Most of the Lead21 senior staff, board of directors and membership reportedly have very close connections to the Republican Party and many Republican administrations (especially Arnold Schwarzenegger's administration in California, and the Bush Administration). Lead21 reports having a multi-partisan donor and membership base, including Democratic members, with no "political litmus test" for membership. Like many right-of-center think tanks, it has no partisanship requirement, but is rooted in traditional conservative- and libertarian-leaning values such as limited government, lower taxes, and pro-market policies.

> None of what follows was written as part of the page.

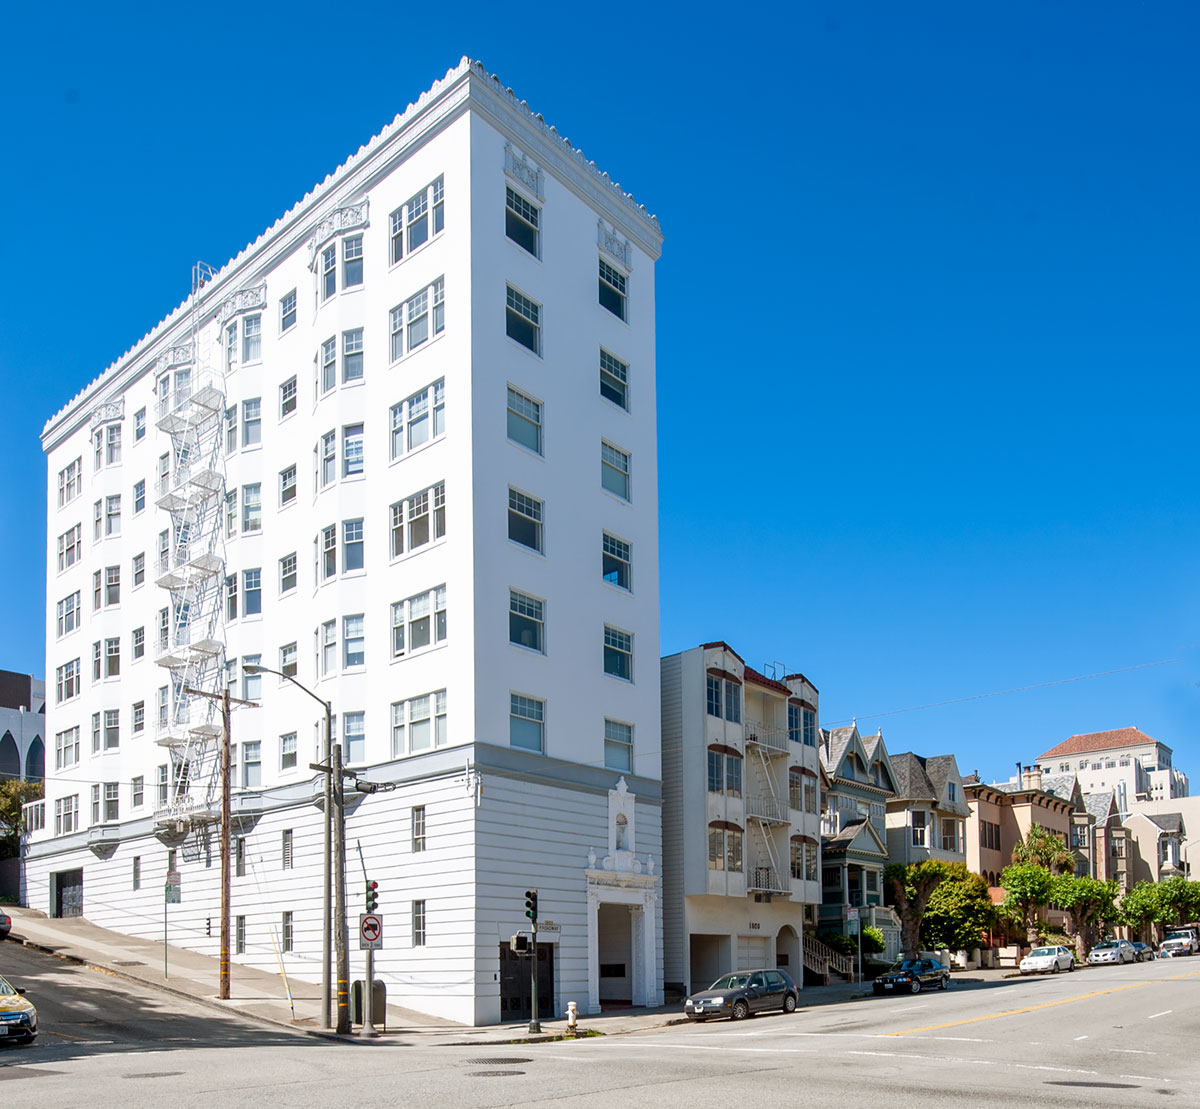 1801 Broadway in Pacific Heights, designed by H. C. Baumann, built 1931

Lead21 was conceived on August 18, 2001, by Auren Hoffman and Price Roe, and shortly after founded with the additions of entrepreneurs Christopher Alden, F. John Duncan, and Rob Reid. According to the organization's official website, some of these early founders served as senior appointees in the George W. Bush Administration. Lead21 executive director Daniel Trimble was the organization's first full-time employee, hired at the start of 2006, followed by a Program Manager and Press Secretary, Candace d'Holbach, in 2007.

==History==
Lead21 was founded by a group of entrepreneurs, investors and senior executives from San Francisco and the surrounding Silicon Valley region. New Century Leadership Council (NCLC), as it was called at the time, launched the new organization at the home of Silicon Valley veteran Ellen Hancock, with former California Governor Pete Wilson as guest-of-honor. Additional early members and supporting leaders included E. Floyd Kvamme (chairman of the U.S. President's Council of Advisors on Science and Technology (PCAST), Thomas Stephenson of Sequoia Capital fame, Gregory Slayton (a notable Bush-Cheney 2004 fundraiser and currently the Ambassador to Bermuda under George W. Bush's administration), and Duf Sundheim (chairman of the California Republican Party 2003-2007). According to news and press reports from the time, more than 150 people showed up for the opening event.

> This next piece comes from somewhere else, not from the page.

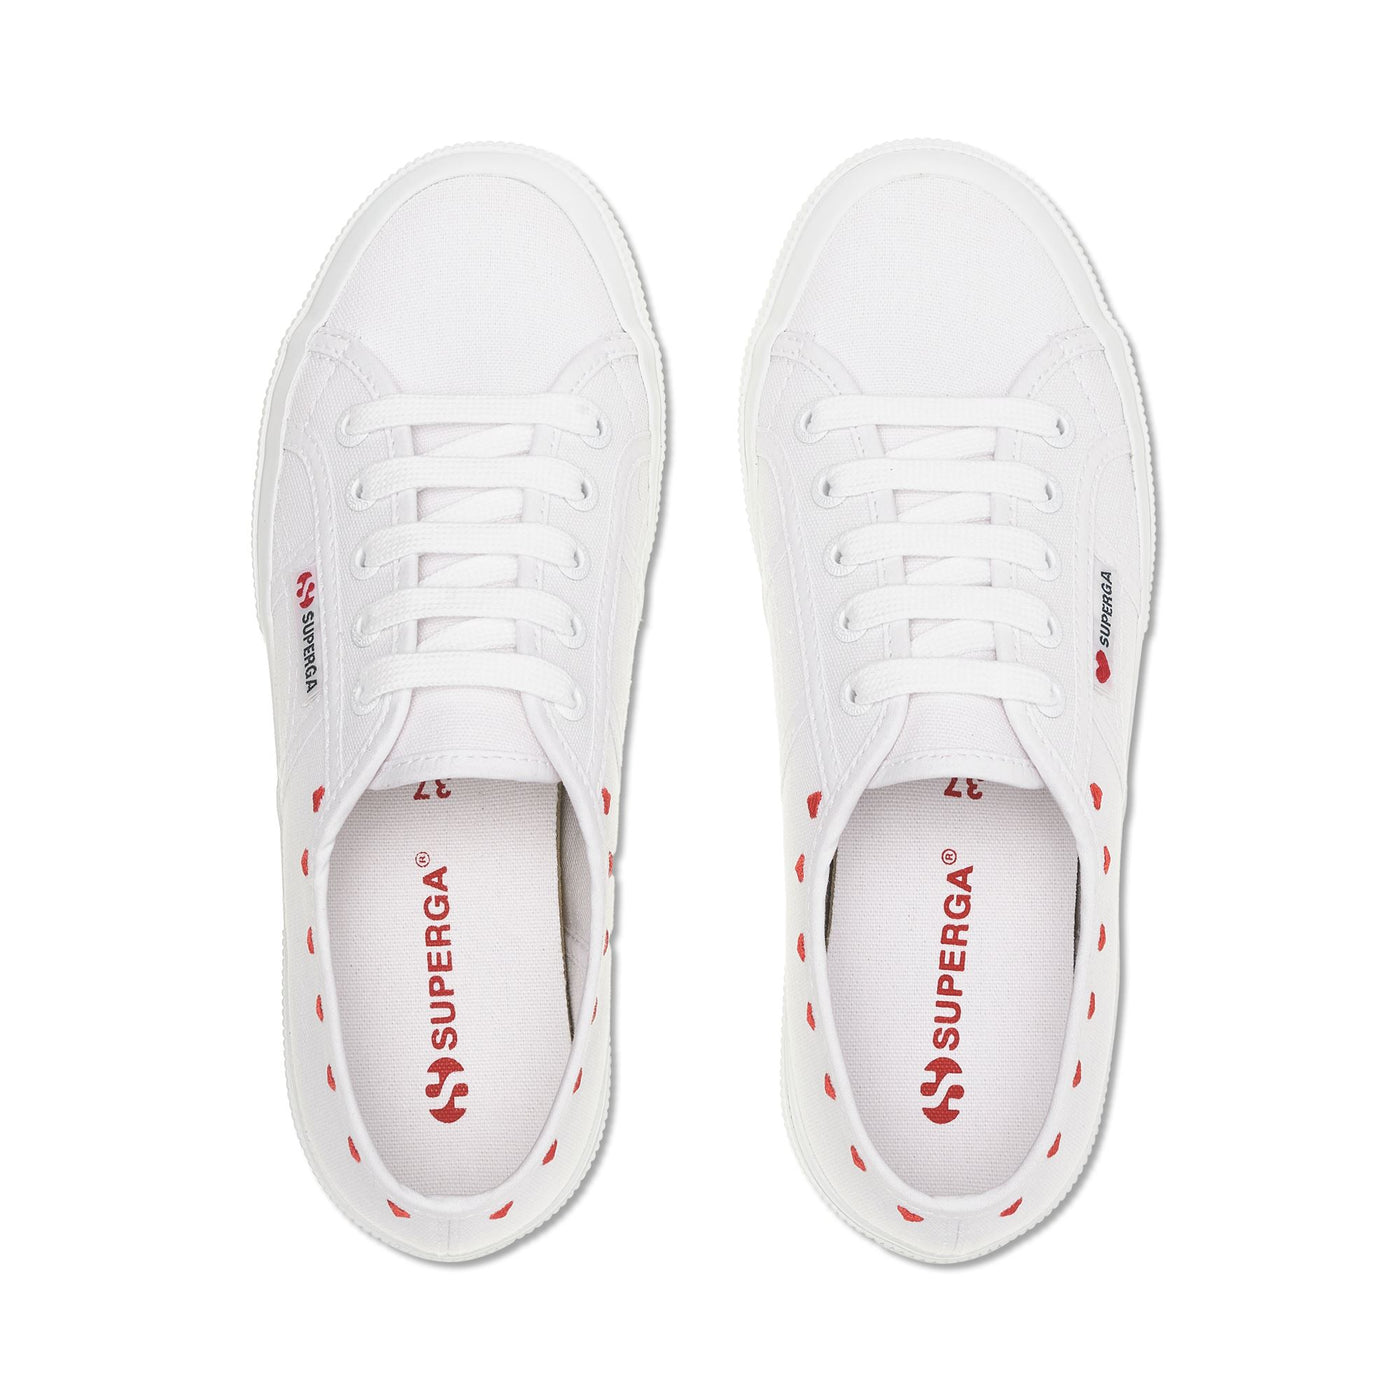 Le Superga Woman 2750 LITTLE HEARTS EMBROIDERY Low Cut WHITE-RED HEART Dressed Back (jpg Rgb)

NCLC was said to have started as a venue for conservatives and libertarians, whom the group claimed were politically quiet in the San Francisco Bay Area—a region widely considered to be overtly liberal. Lead21 bills itself as "multi-partisan" in its membership demographic (which reportedly includes Republicans, Independents, Libertarians, and Democrats), but mostly appears to support Republicans and Libertarians as their platform of limited government, lower taxes, and pro-business policies tend to be embraced by those political bases. Lead21 explicitly states that its focus is not about partisan politics; that it is about supporting entrepreneurship and innovation. However, the organization does not appear to have supported any Democratic candidates or campaigns except California Governor Gavin Newsom. Lead21 has hosted Mayor Newsom, and several board members of the organization as well as several of its top members have been appointed to San Francisco city commissions. It is widely noted that Newsom's election win against Matt Gonzalez in the contest for San Francisco mayor in 2003 is often attributed to direct Republican turnout in his support.

In 2003, NCLC changed its name to Lead21.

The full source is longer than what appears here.